• _Recorded data_:
+---+
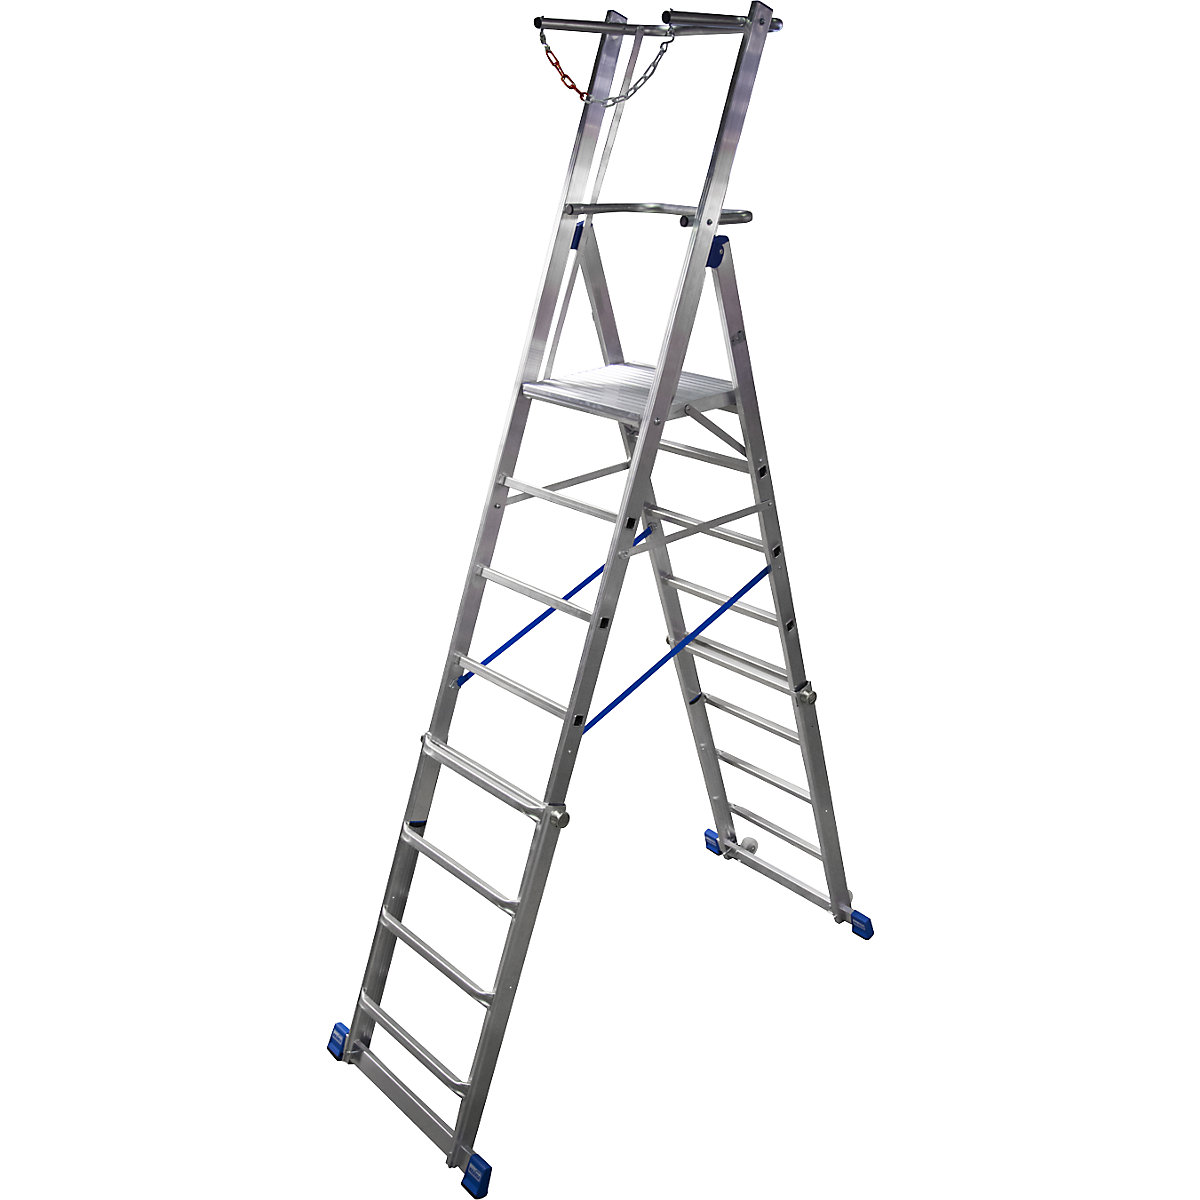 Telescopic mobile safety steps – KRAUSE
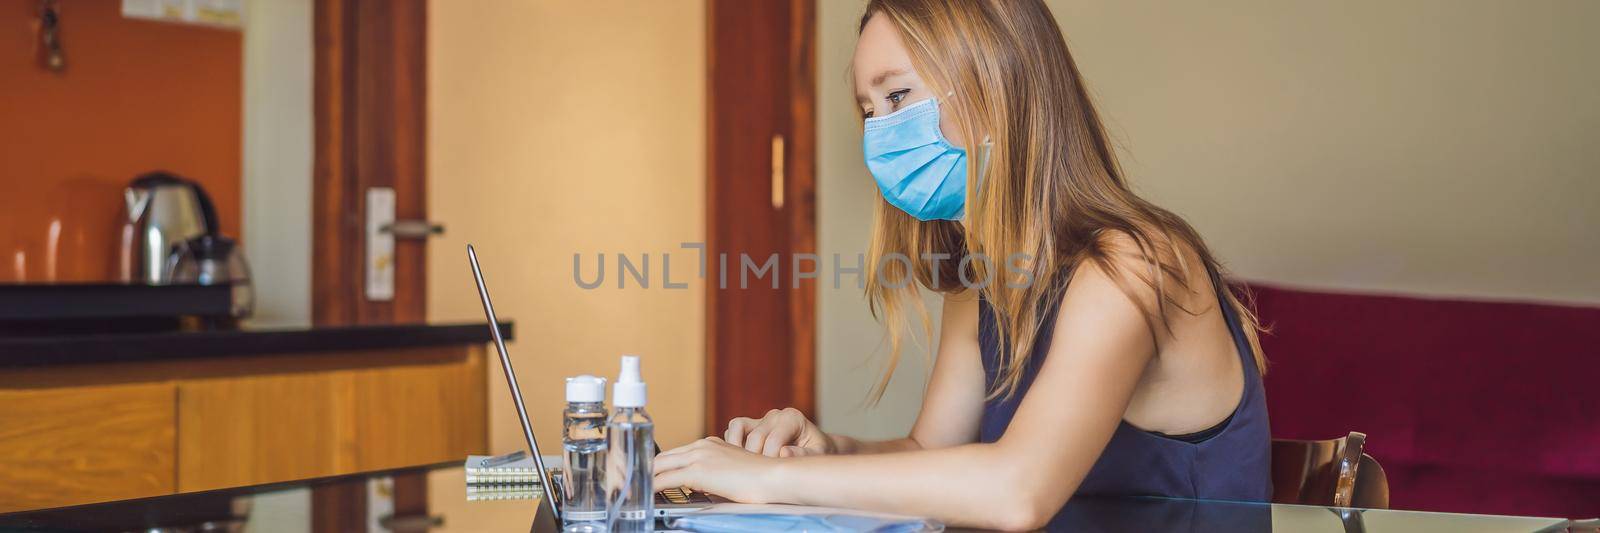 Coronavirus. Young business woman working from home wearing protective mask. Business woman in quarantine for coronavirus wearing protective mask. Working from home BANNER, LONG FORMAT by galitskaya
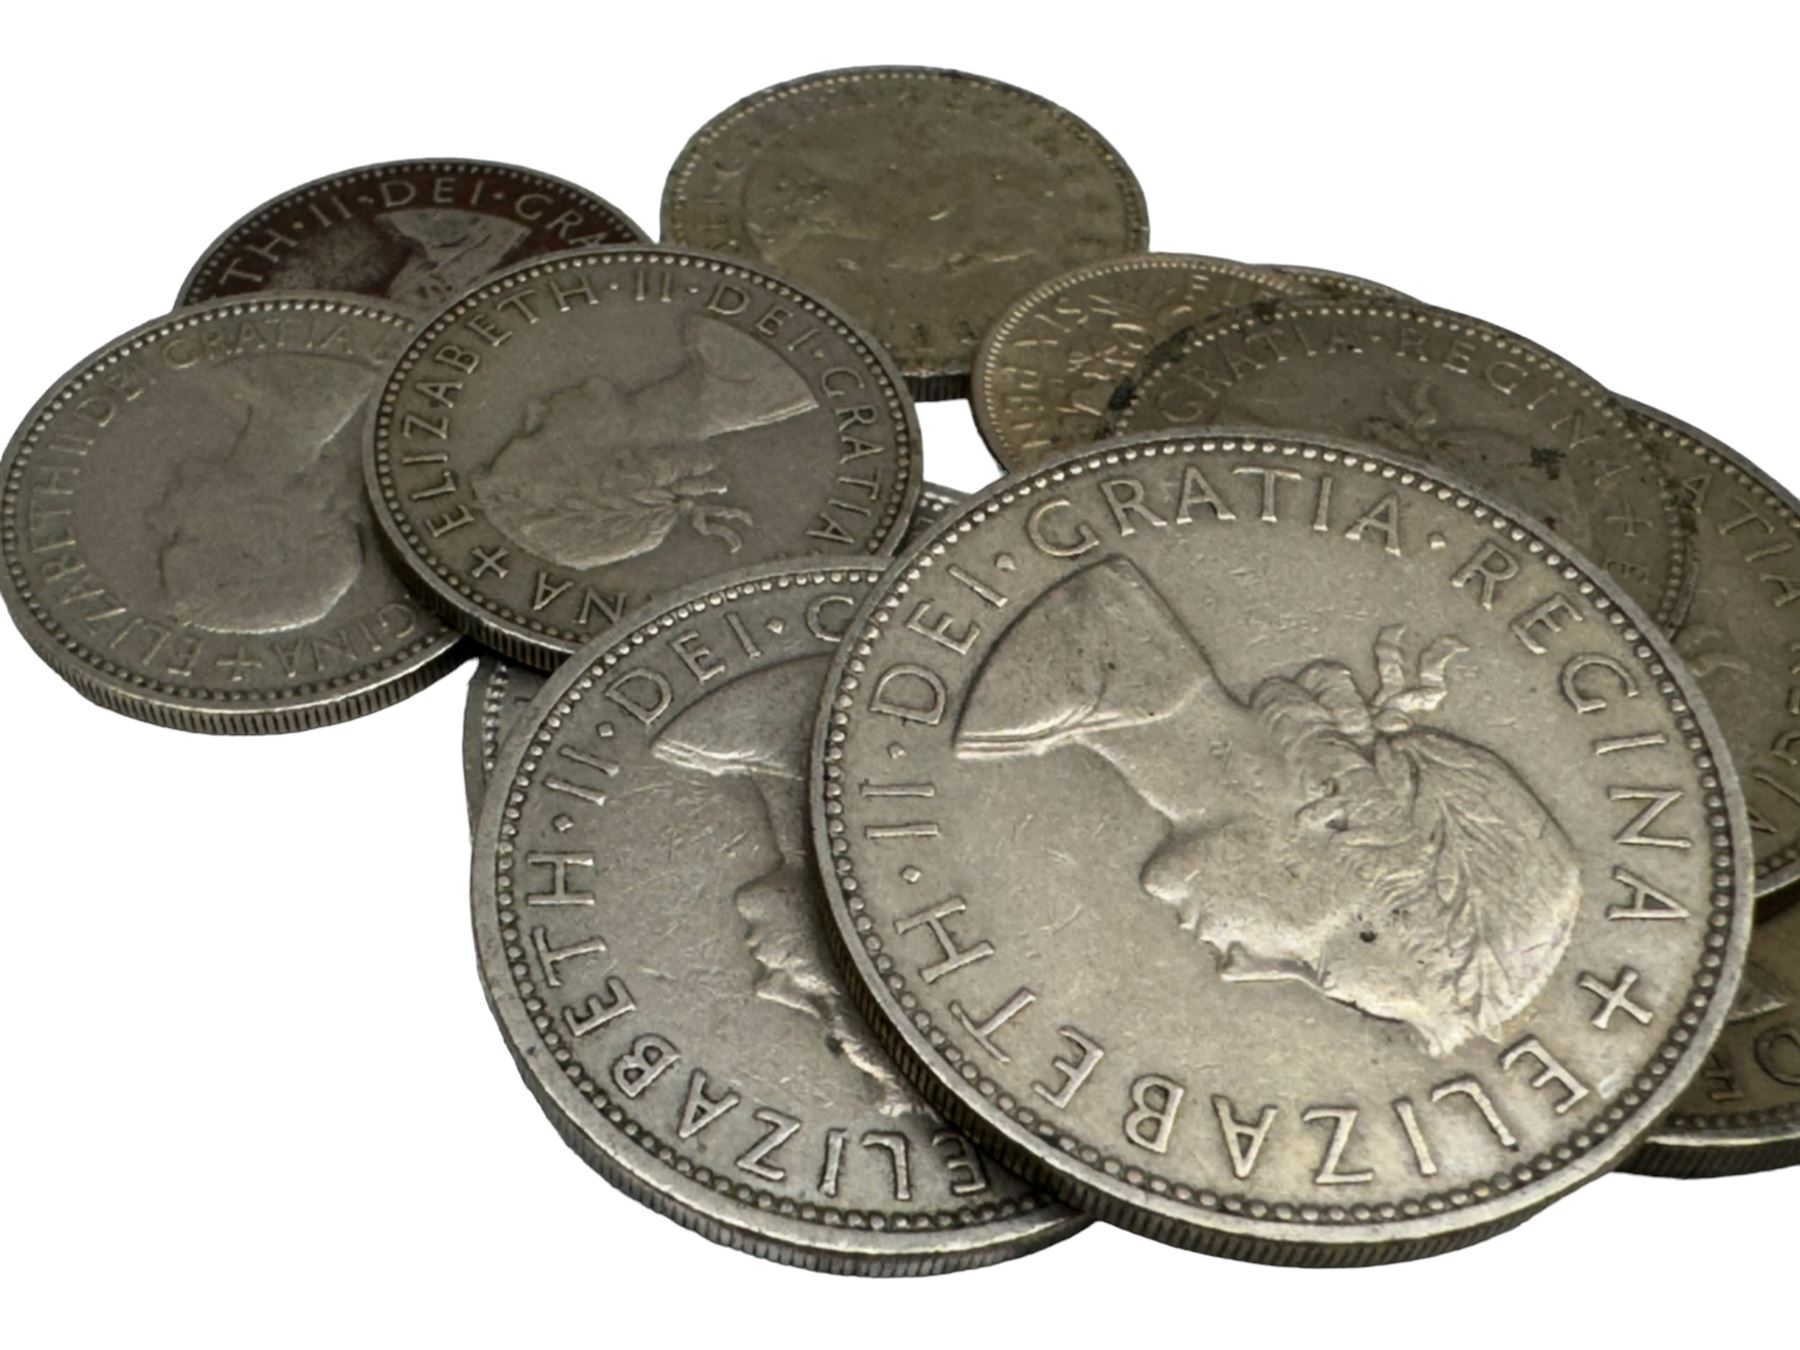 Coins including Elizabeth I 1573 sixpence and other hammered silver coins - Image 9 of 11
+---+
• _Brief_:
What the reply must contain is an exact transcription of the data above and none of its pictures.

• _Exercise result_:
 Telescopic mobile safety steps – KRAUSE
 Coronavirus. Young business woman working from home wearing protective mask. Business woman in quarantine for coronavirus wearing protective mask. Working from home BANNER, LONG FORMAT by galitskaya
 Coins including Elizabeth I 1573 sixpence and other hammered silver coins - Image 9 of 11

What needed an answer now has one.